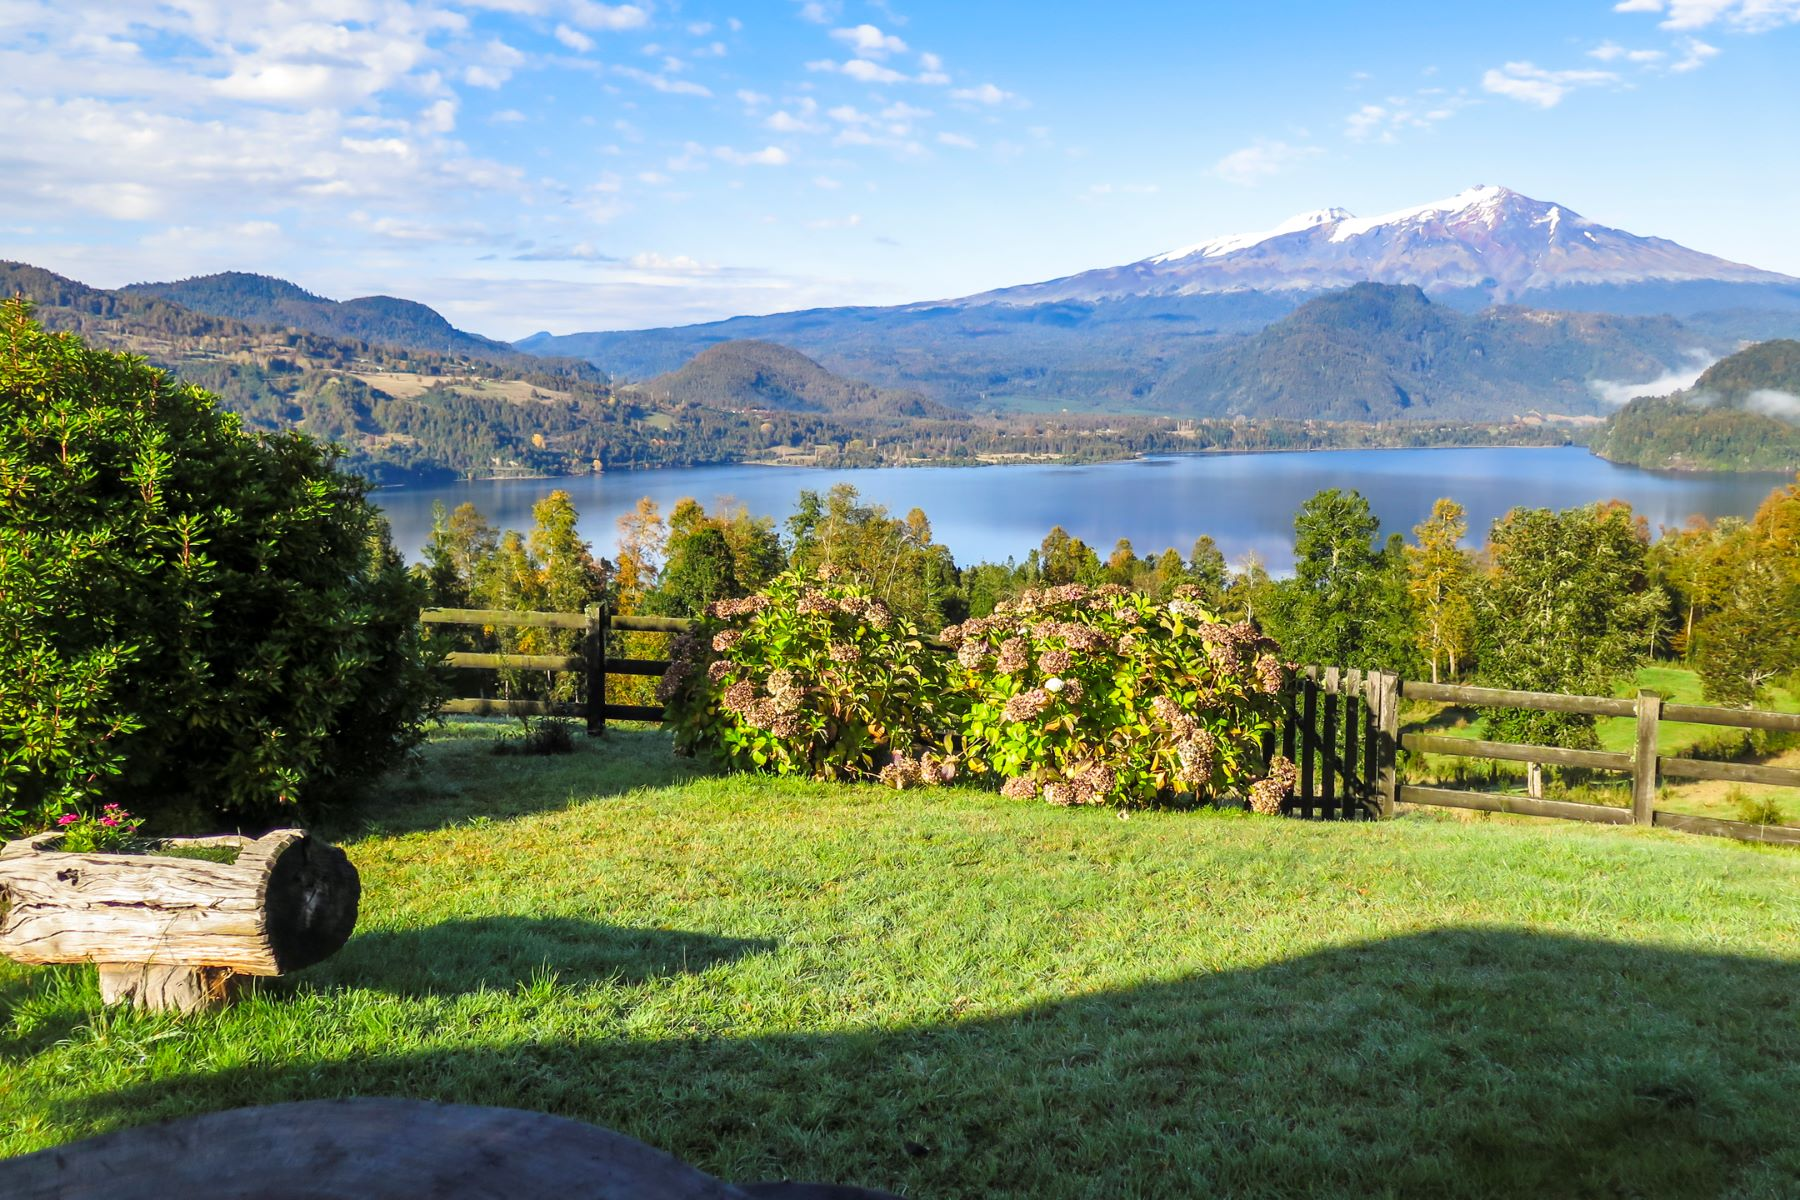 农场 / 牧场 / 种植园 为 销售 在 Lush Vegetation and Stunning Views in Lago Neltume, Panguipulli Panguipulli, Valdivia, Los Rios 智利
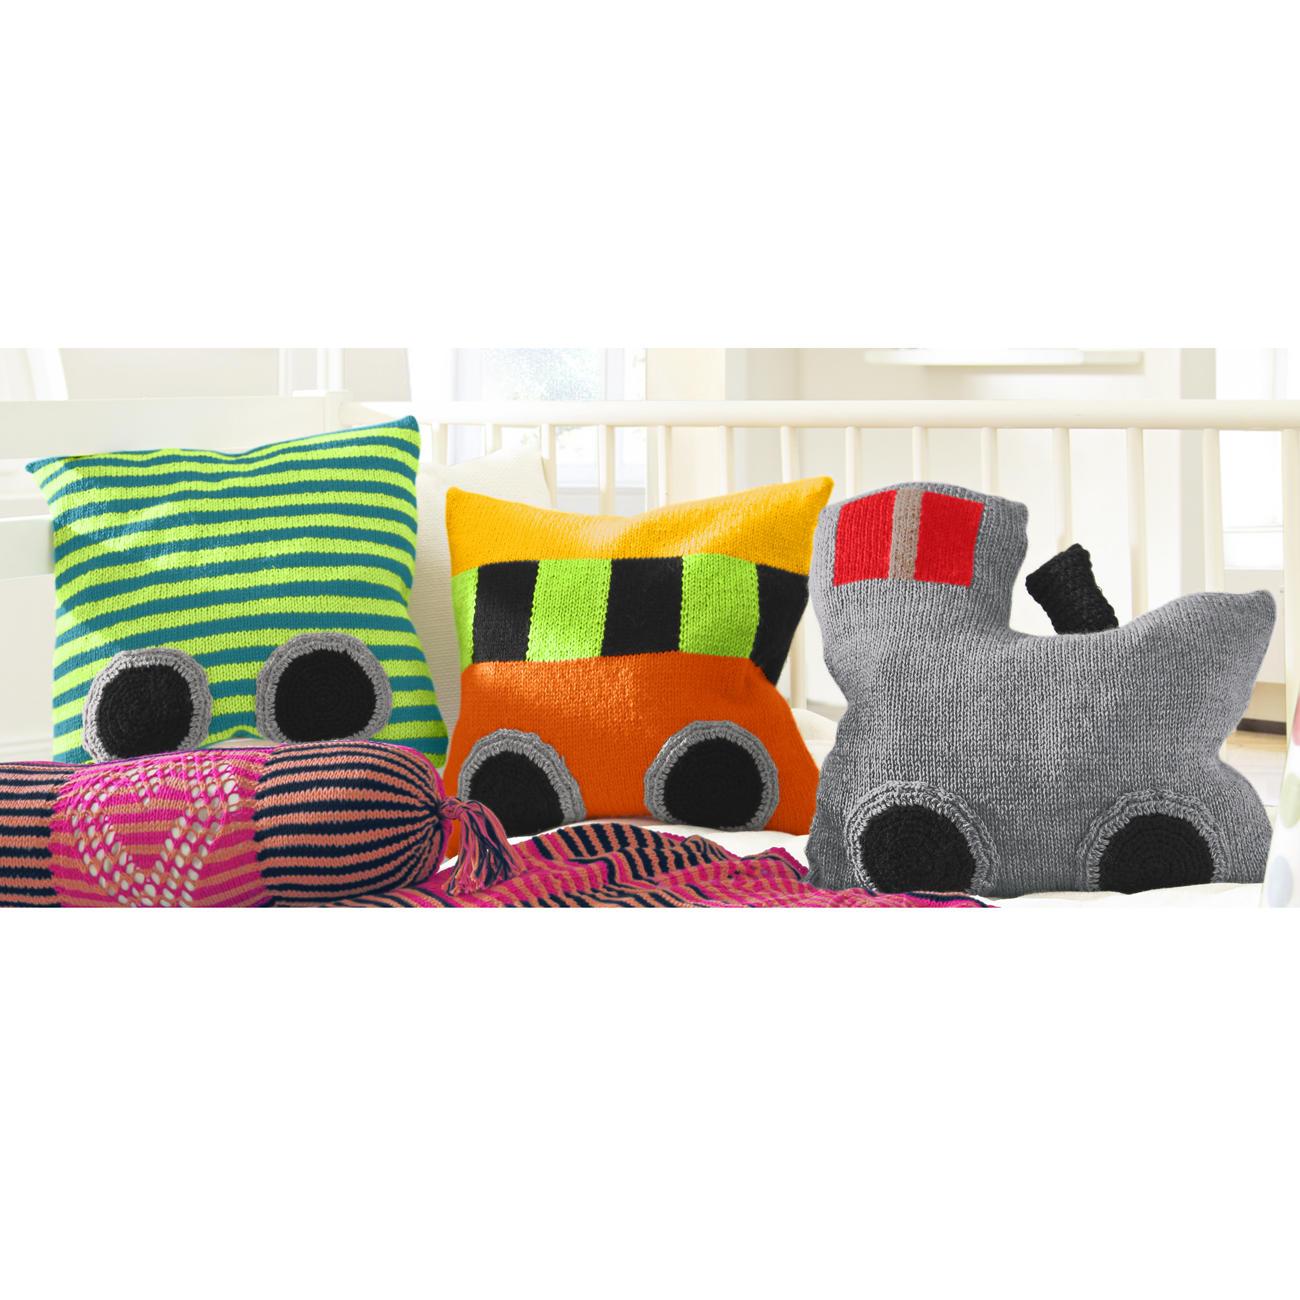 anleitung 318 3 kissenzug aus poco von junghans wolle 8 versch farben. Black Bedroom Furniture Sets. Home Design Ideas
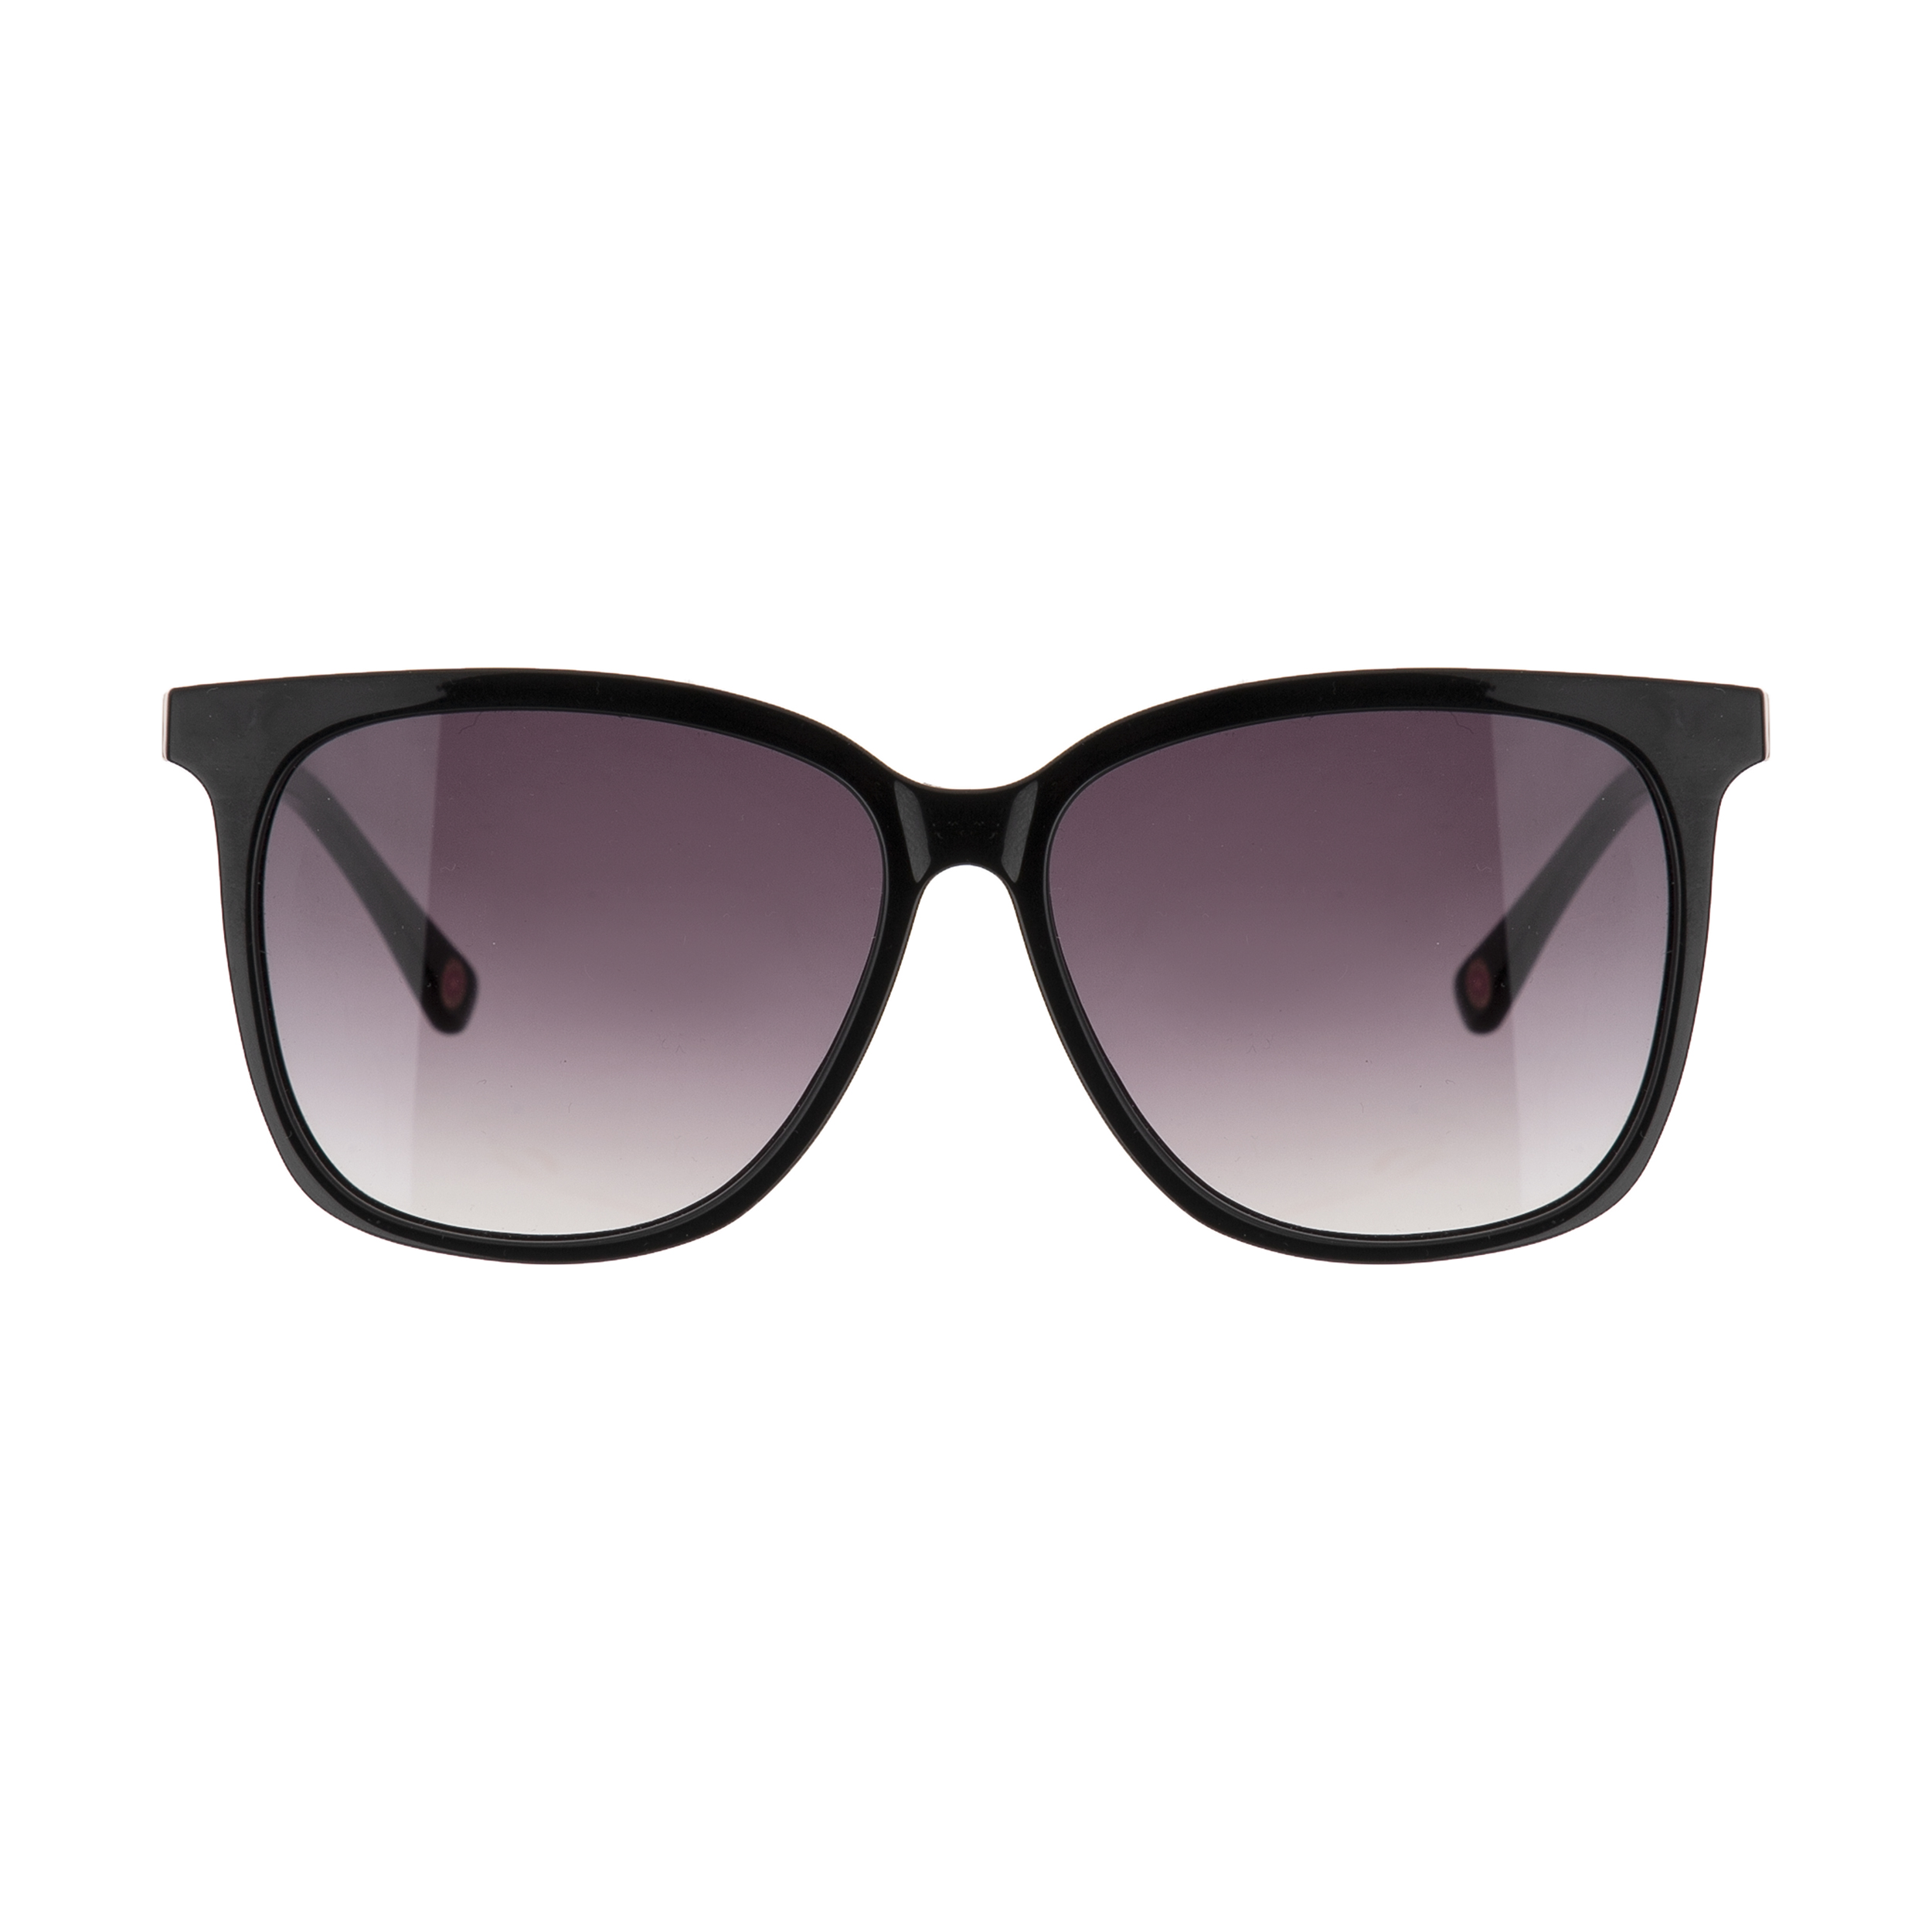 عینک آفتابی زنانه تد بیکر مدل TB 1501 OO1

....

When you write out the material, reproduce each line exactly and omit any picture it holds.

 农场 / 牧场 / 种植园 为 销售 在 Lush Vegetation and Stunning Views in Lago Neltume, Panguipulli Panguipulli, Valdivia, Los Rios 智利
 anleitung 318 3 kissenzug aus poco von junghans wolle 8 versch farben. Black Bedroom Furniture Sets. Home Design Ideas
 عینک آفتابی زنانه تد بیکر مدل TB 1501 OO1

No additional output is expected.